Establish a “guest” connection for everyone that lives outside your home. This subnetwork keeps visitors off your primary connections and limits the number of devices that have access. Plus, you’re not sharing your main network’s password.

With a guest network, you can limit bandwidth, block websites, set connection times, and more per device. We provide a separate guide on how to set up a guest Wi-Fi network.

Flaw: Children have unlimited access to explicit content

The internet is both a blessing and a curse for parents. On one hand, kids and teens can find the information they need. They can play online games with friends and take remote classes. Unfortunately, they can access inappropriate and unwanted content with just a single URL.


We provide a guide on how to set up parental controls on a router to protect your kids and teens. Here you can block and allow specific sites, block and allow specific devices, and set hours of use.

Some routers handle parental controls through a specific section within the router’s interface. You can also click on a device to manage the connection or use profiles to set the parental controls for each child.

Pro tip:

Parental controls don’t necessarily need to apply only to children. You can use parental controls to restrict devices used by adults so you can limit when they can connect and what websites they can visit.

Flaw: Remote access invites hackers

Remote access allows you to load the router’s interface over the internet, like from a hotel room in another state. Combined with a default or lousy password, anyone can gain access from anywhere and change its settings to route all your internet traffic to nefarious websites.

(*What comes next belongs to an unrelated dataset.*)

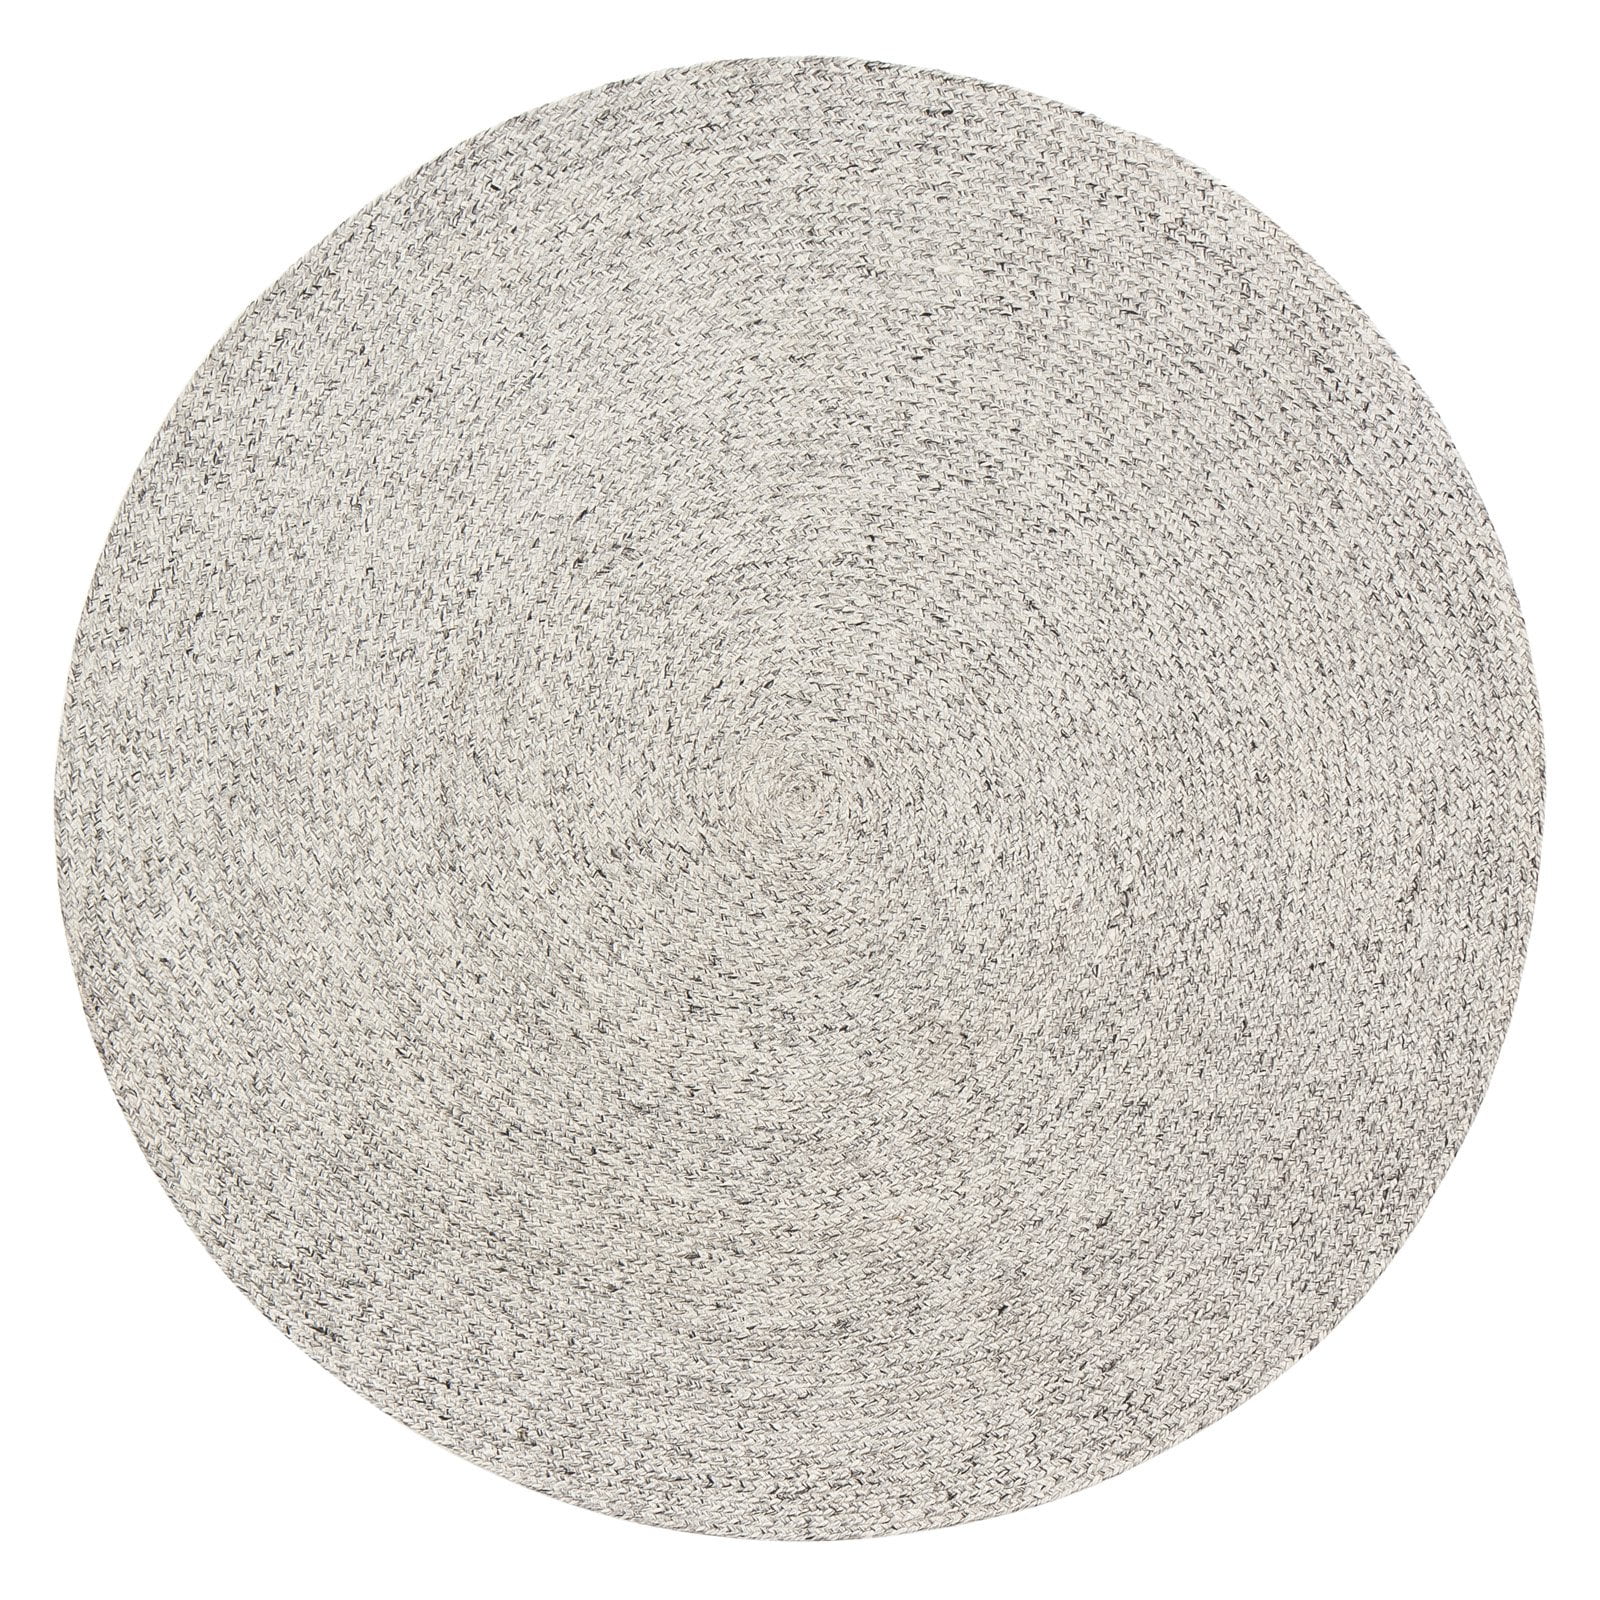 Picture of Anji Mountain AMB0622-080R 8 x 8 ft. Round Cosmos Area Rug - Gray, Ivory
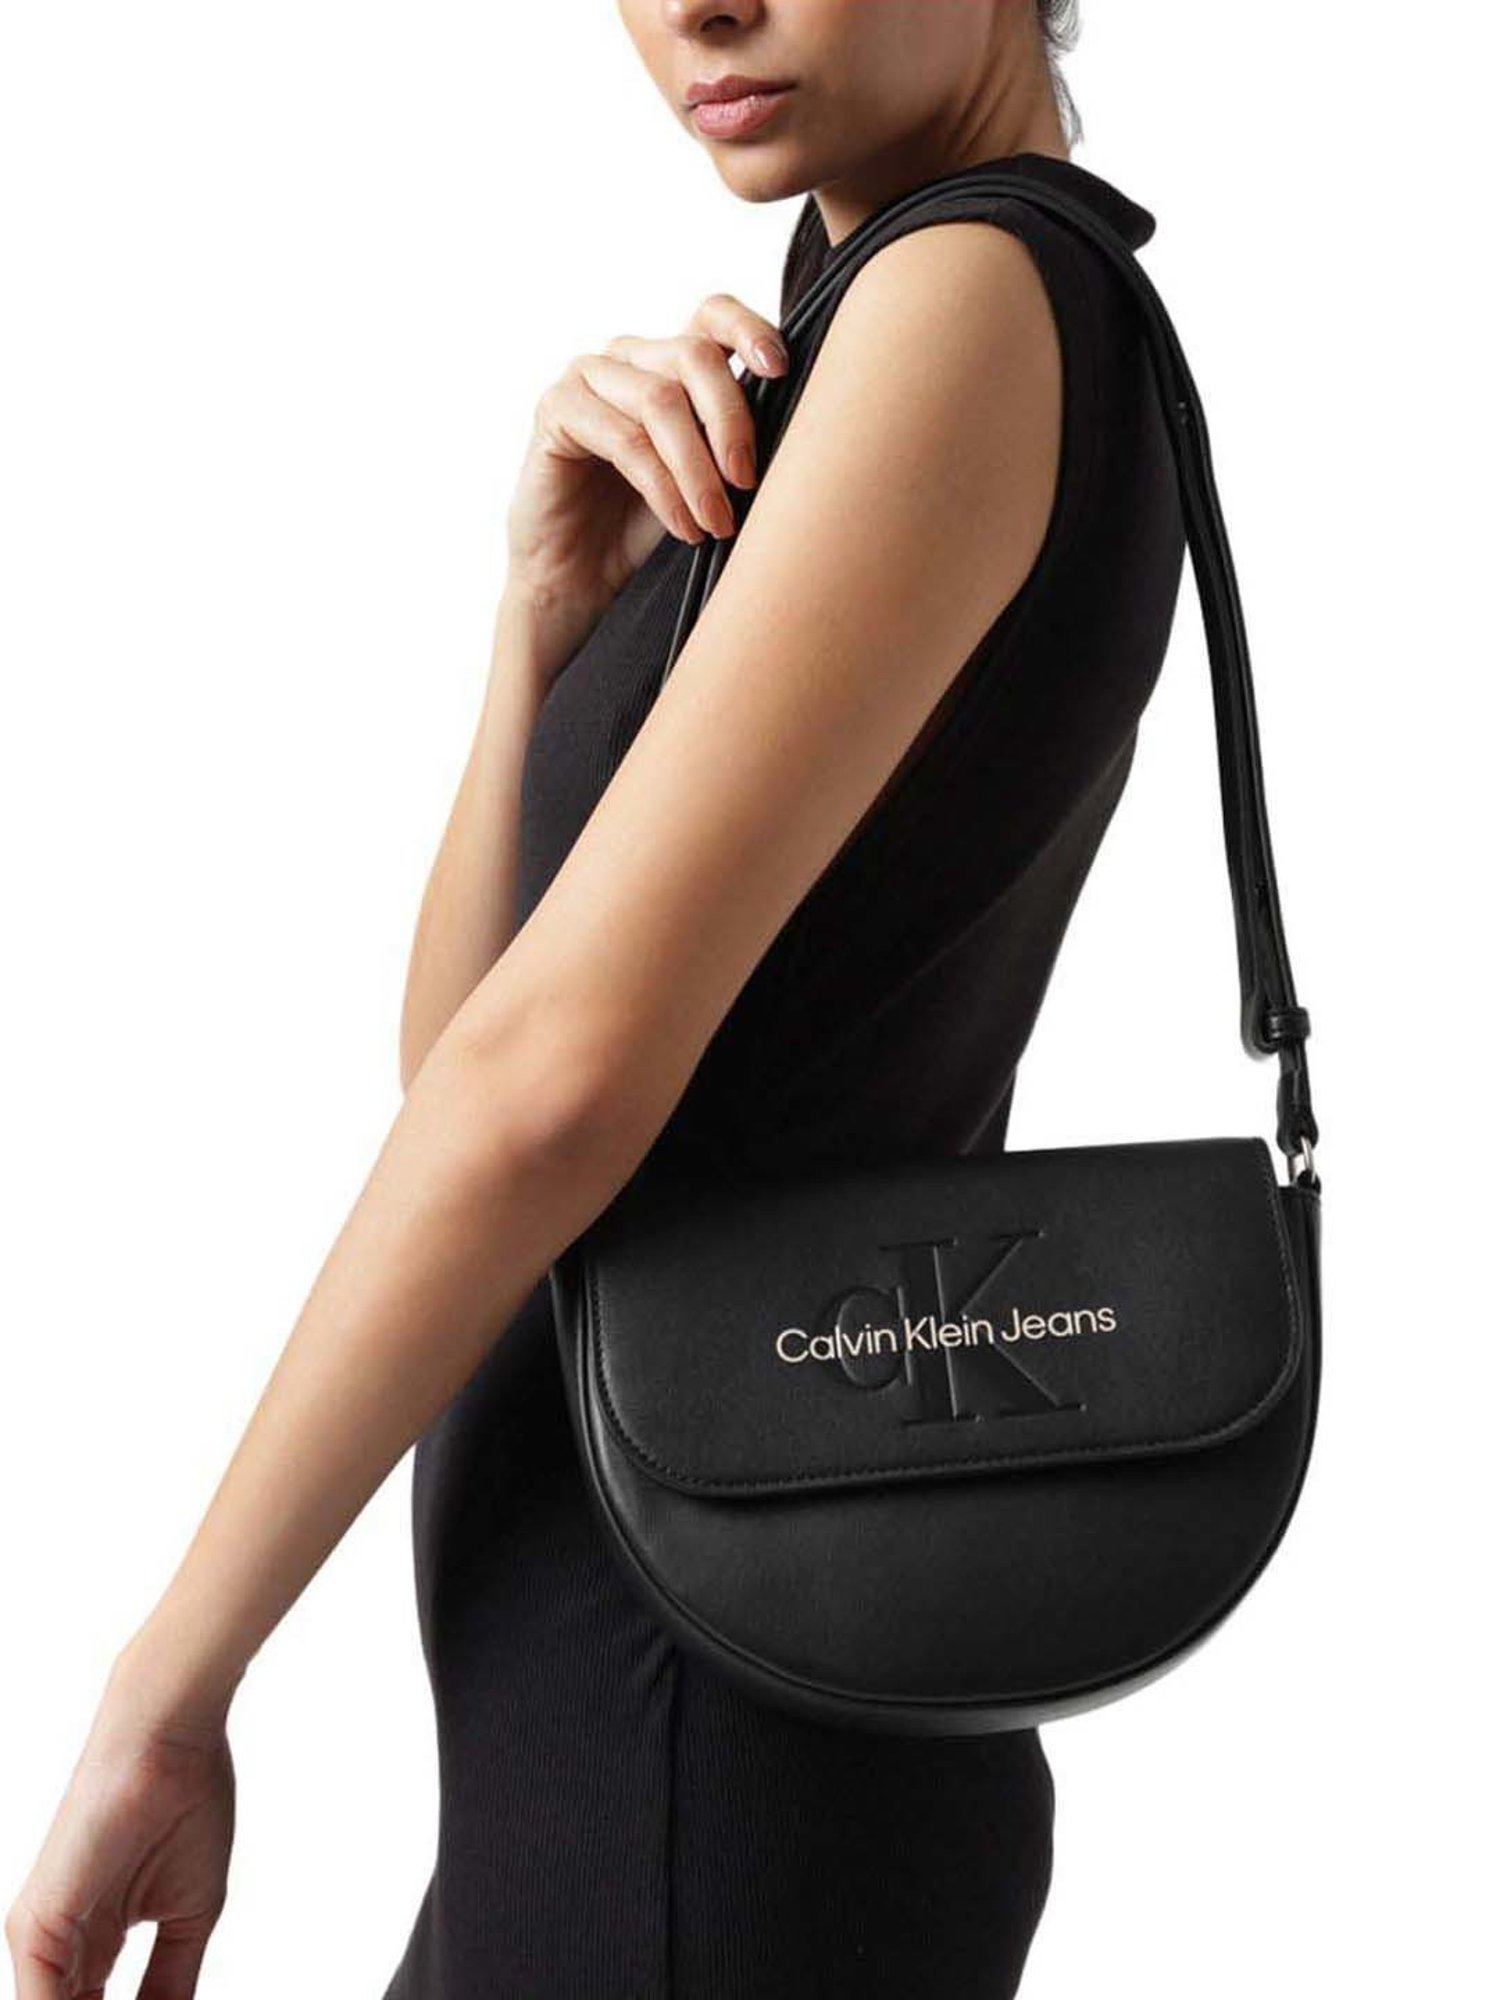 Calvin Klein Jeans SPORT ESSENTIALS DUFFLE43 M Black - Fast delivery |  Spartoo Europe ! - Bags Luggage 88,00 €

You can typically find Remote Access controls in the router’s Administration section to disable this feature. You can switch it back on if you plan to travel and the family stays behind, and then toggle it off when you return.

Flaw: Your router broadcasts its model number

Click or tap on your device’s Wi-Fi icon, and chances are you’ll recognize some of the names on the resulting list: Linksys, NETGEAR, and so on. Owners of these routers never changed the default Service Set Identifier (SSID) name, which is the wireless network’s public name.

Why is that a problem? Anyone who sees “Linksys” or “NETGEAR” will know that someone owns one of these routers. You can easily search the internet for the default SSID and login pair and use that information to access that router and get the network’s login credentials.


Generally, you should always change the network name to something other than the default. You can rename it to anything, whether it’s something simple or a label just to annoy your neighbors. Have fun or be practical—it’s all up to you.

You can change the SSID through the mobile app provided by the manufacturer or by using the web interface. The following instructions use a Linksys router as an example.

Step 1: Connect to the router.

Step 2: Open a browser and type in your router’s IP address (or LinksysSmartWiFi.com).

Step 3: Select Wi-Fi Settings listed on the left.

Step 4: Enter a new name in both Wi-Fi Name fields (one each for 2.4 GHz and 5 GHz).

Pro tip:

You can change the password and hide your network name by switching the Broadcast SSID from Yes to No. This makes your network harder to find but hackers can still find it with easy-to-find tools. Your best option is to broadcast a unique network name that doesn’t identify your router.